Entries supplied -
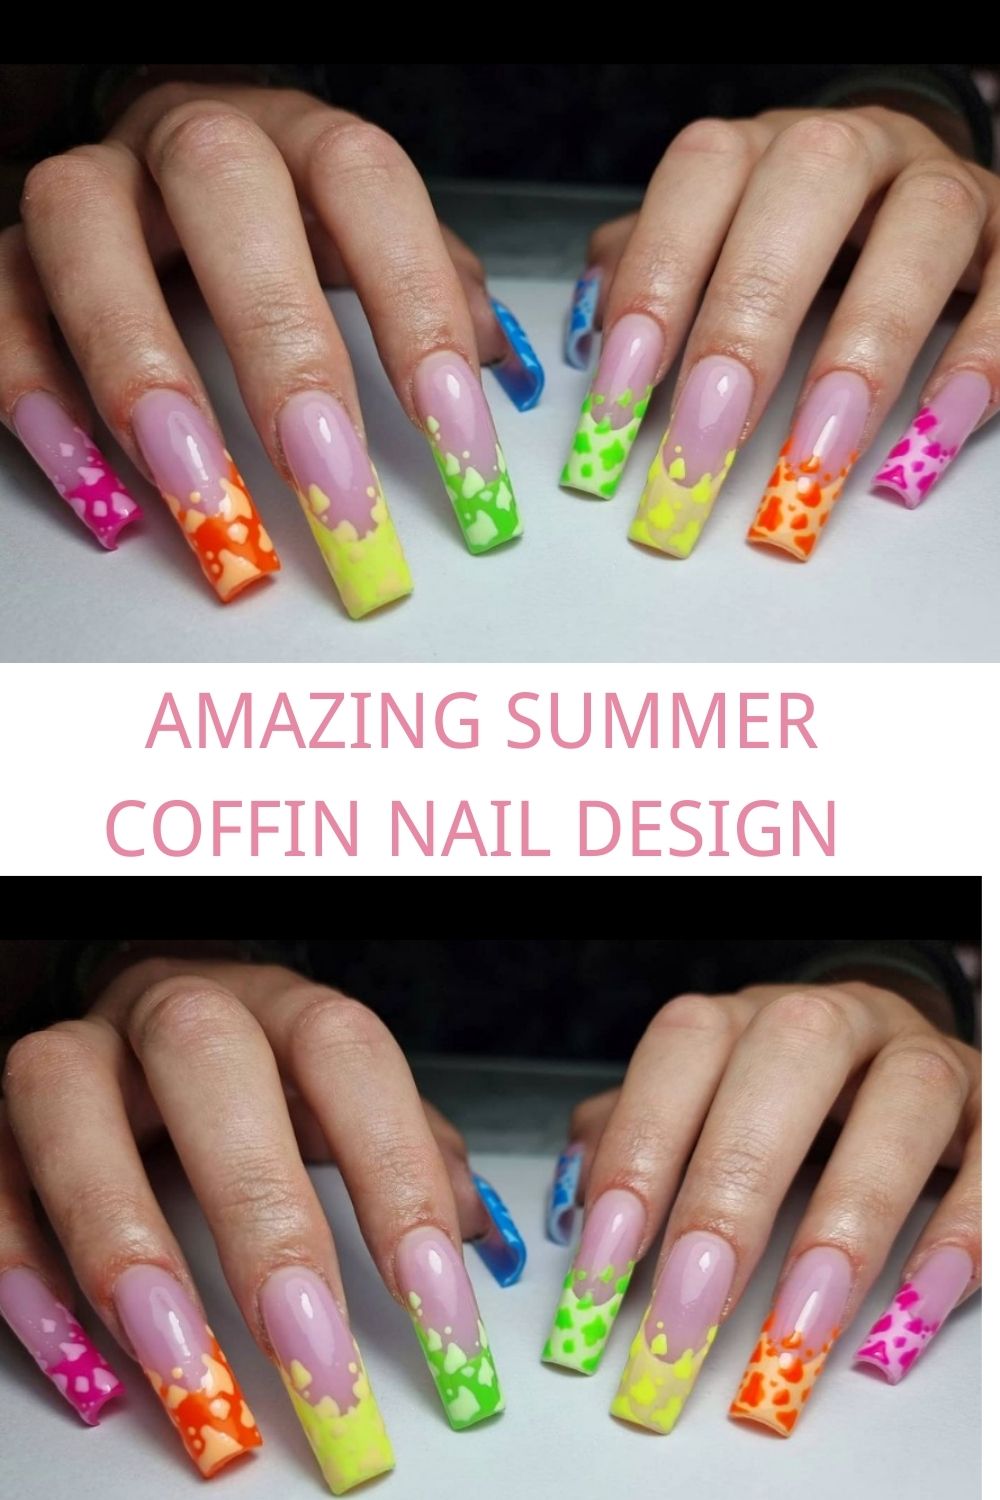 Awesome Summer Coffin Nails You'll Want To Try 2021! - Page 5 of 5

==

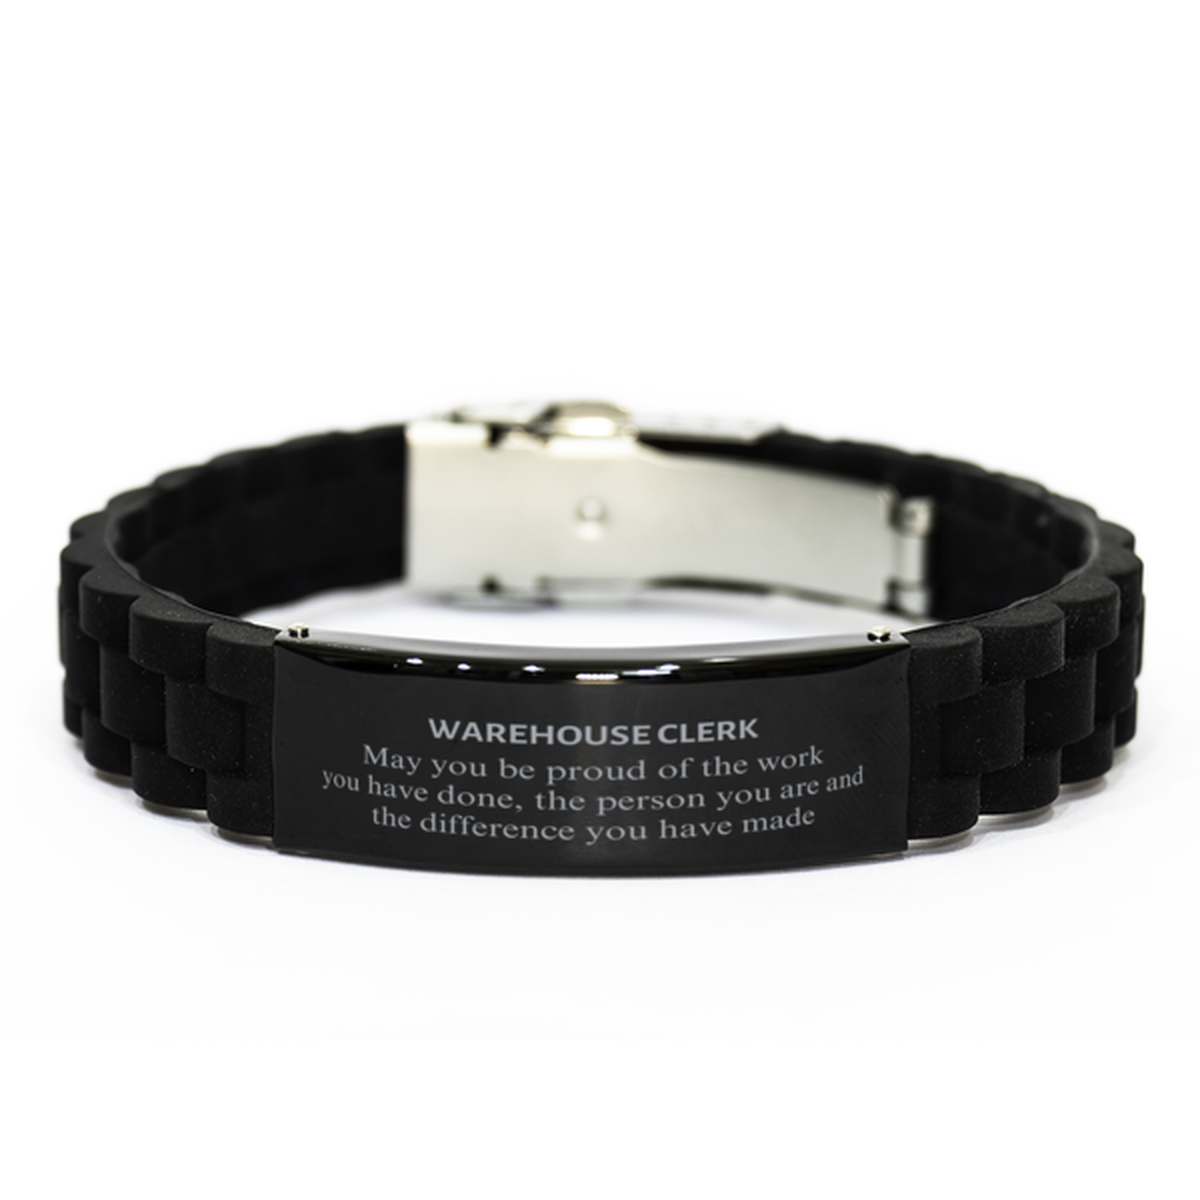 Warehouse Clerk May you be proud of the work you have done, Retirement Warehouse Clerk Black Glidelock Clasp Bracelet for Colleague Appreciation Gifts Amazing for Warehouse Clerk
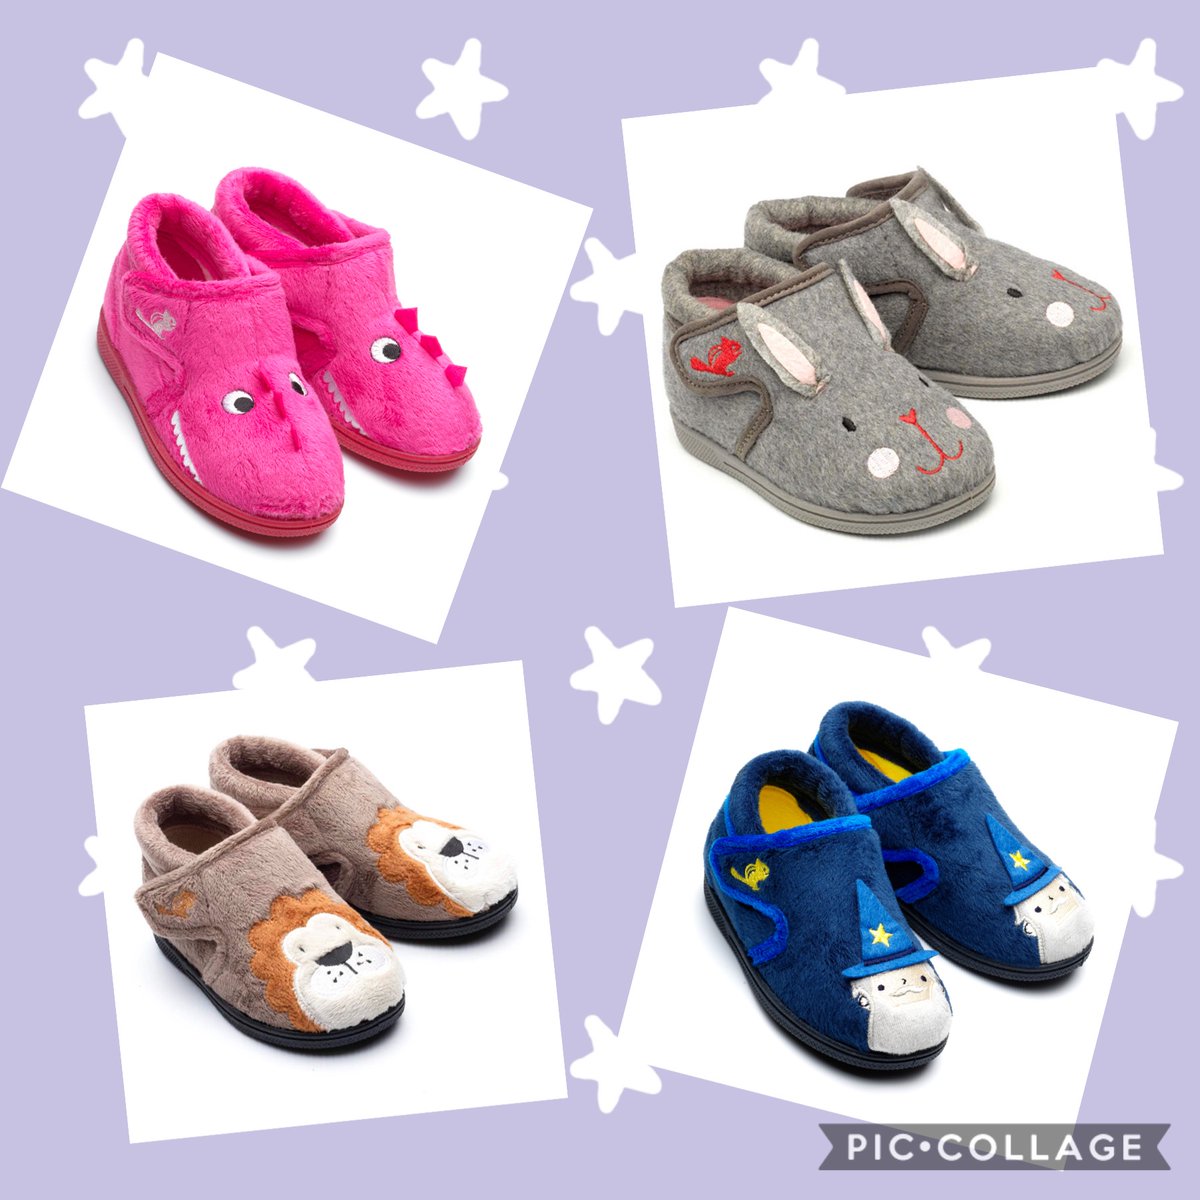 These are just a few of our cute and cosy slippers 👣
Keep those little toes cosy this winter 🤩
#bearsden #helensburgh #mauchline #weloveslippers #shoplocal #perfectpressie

Work order -
Write out exactly the lines above between the one with "Warehouse Clerk May" and the one with "#bearsden #helensburgh #mauchline", inclusive, with pictures left out.

Task result -
 Warehouse Clerk May you be proud of the work you have done, Retirement Warehouse Clerk Black Glidelock Clasp Bracelet for Colleague Appreciation Gifts Amazing for Warehouse Clerk
 These are just a few of our cute and cosy slippers 👣
Keep those little toes cosy this winter 🤩
#bearsden #helensburgh #mauchline #weloveslippers #shoplocal #perfectpressie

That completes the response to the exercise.